Please cite the following paper if you use SplitFS:

SplitFS : Reducing Software Overhead in File Systems for Persistent Memory. Rohan Kadekodi, Se Kwon Lee, Sanidhya Kashyap, Taesoo Kim, Aasheesh Kolli, Vijay Chidambaram. Proceedings of the The 27th ACM Symposium on Operating Systems Principles (SOSP 19). Paper PDF. Bibtex. Talk Video

@InProceedings{KadekodiEtAl19-SplitFS,
  title =        "{SplitFS: Reducing Software Overhead in File Systems for Persistent Memory}",
  author =       "Rohan Kadekodi and Se Kwon Lee and  Sanidhya Kashyap and  Taesoo Kim and  Vijay Chidambaram",
  booktitle =    "Proceedings of the 27th ACM Symposium on Operating
                  Systems Principles (SOSP '19)",
  month =        "October",
  year =         "2019",
  address =      "Ontario, Canada",
}

Getting Started with SplitFS

This tutorial walks you through the workflow of compiling splitfs, setting up ext4-DAX, compiling an application and running it with ext4-DAX as well as SplitFS, using a simple microbenchmark. The microbenchmark appends 128MB data to an empty file, in chunks of 4KB each, and does an fsync() at the end.
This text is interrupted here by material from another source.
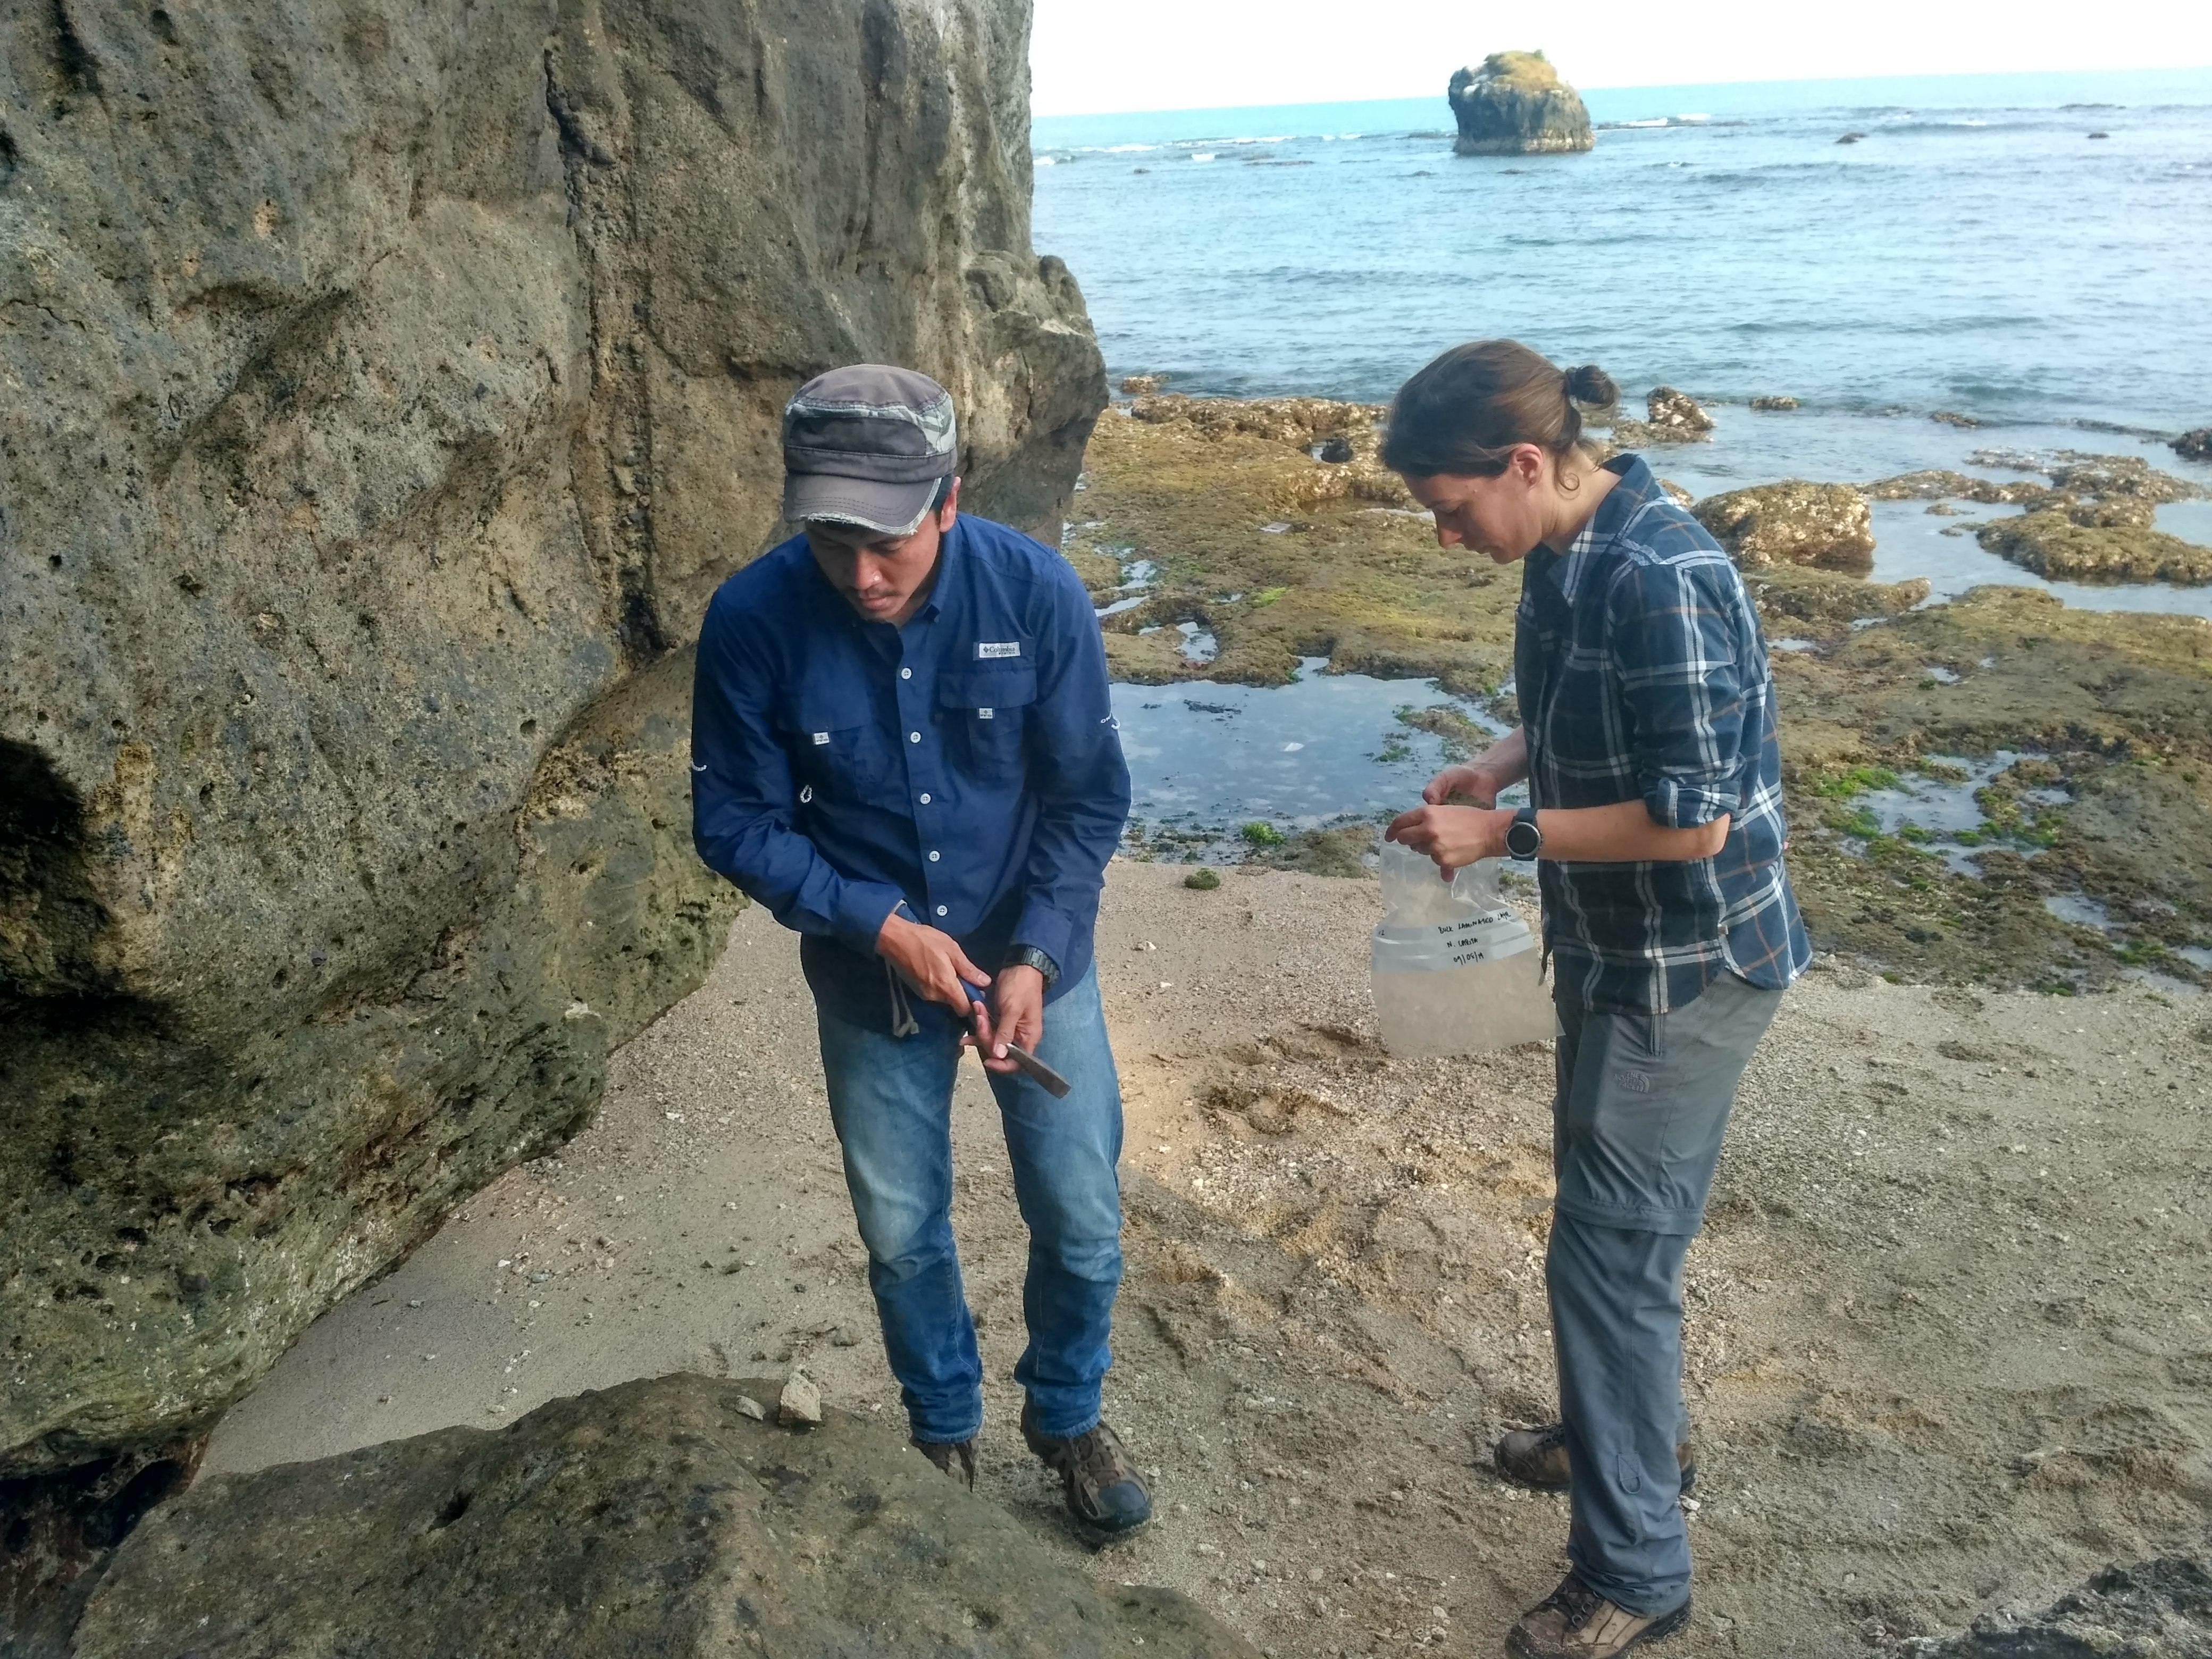 peneliti-itb-bersama-para-geologist-inggris-lakukan-penelitian-anak-krakatau
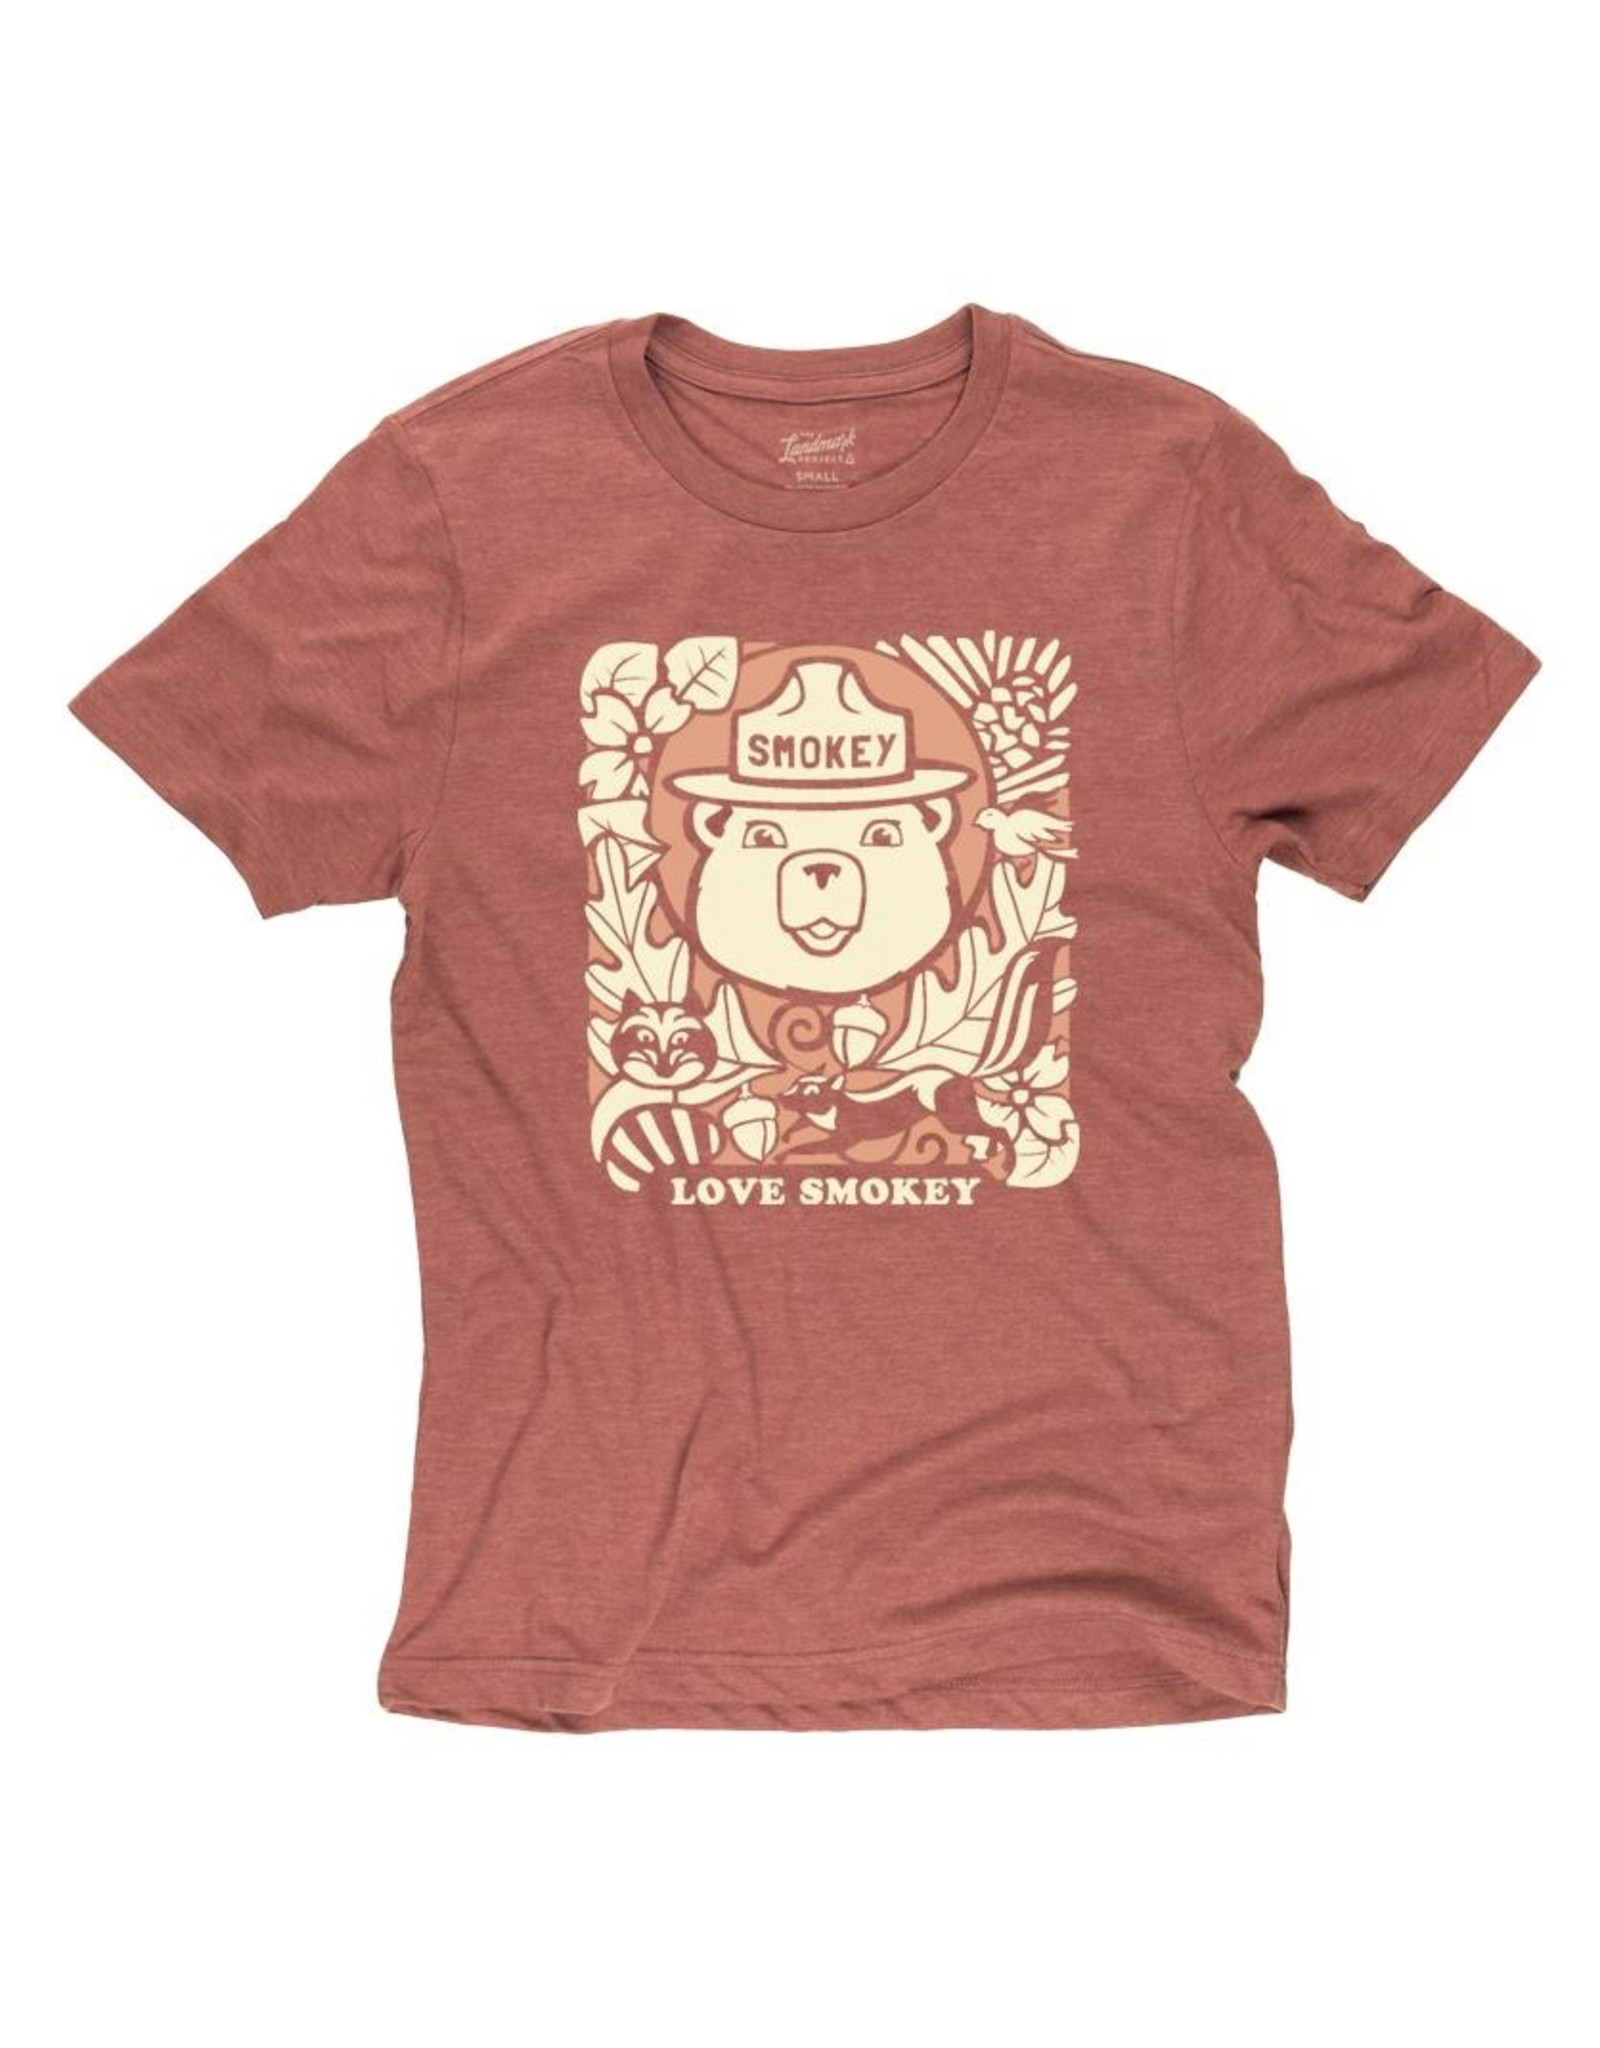 Love Smokey T-Shirt

Note: Set the minimum partition size of PM to 2GiB for the microbenchmark (The partition size can be set in step 2. Please confirm the partition size using df -h after step 4).

Installing Dependencies
Setup kernel
Set up SplitFS

$ export LEDGER_YCSB=1
$ cd splitfs; make clean; make; cd .. # Compile SplitFS
$ export LD_LIBRARY_PATH=./splitfs
$ export NVP_TREE_FILE=./splitfs/bin/nvp_nvp.tree

Set up ext4-DAX

$ sudo mkfs.ext4 -b 4096 /dev/pmem0
$ sudo mount -o dax /dev/pmem0 /mnt/pmem_emul
$ sudo chown -R $USER:$USER /mnt/pmem_emul

Setup microbenchmark

$ cd micro
$ gcc rw_experiment.c -o rw_expt -O3
$ cd ..

Run microbenchmark with ext4-DAX

$ sync && echo 3 > /proc/sys/vm/drop_caches # Run this with superuser
$ ./micro/rw_expt write seq 4096
$ rm -rf /mnt/pmem_emul/*

Run microbenchmark with SplitFS

$ sync && echo 3 > /proc/sys/vm/drop_caches # Run this with superuser
$ LD_PRELOAD=./splitfs/libnvp.so micro/rw_expt write seq 4096
$ rm -rf /mnt/pmem_emul/*

Results. The resultes show the throughput of doing appends on ext4 DAX and SplitFS. Appends are 5.8x faster on SplitFS.
- ext4-DAX: 0.33M appends/sec
- SplitFS: 1.92M appends/sec

Features

Low software overhead. SplitFS tries to obtain performance that is close to the maximum provided by persistent-memory hardware. The overhead due to SplitFS software is significantly lower (by 4-12x) than state-of-the-art file systems such as NOVA or ext4 DAX. As a result, performance on some applications is increased by as much as 2x.
Flexible guarantees. SplitFS is the only persistent-memory file system that allows simultaneously running applications to receive different guarantees from the file system. SplitFS offers three modes: POSIX, Sync, and Strict. Application A may in Strict mode, obtaining atomic, synchronous operations from SplitFS, while Application B may simultaneously run in POSIX mode and obtain higher performance. This is possible due to the novel split architecture used in SplitFS.
Portability and Stability. SplitFS uses ext4 DAX as its kernel component, so it works with any kernel where ext4 DAX is supported. ext4 DAX is a mature, robust code base that is actively being maintained and developed; as ext4 DAX performance increases over time, SplitFS performance increases as well. This is contrast to research file systems for persistent memory, which do not see development at the same rate as ext4 DAX.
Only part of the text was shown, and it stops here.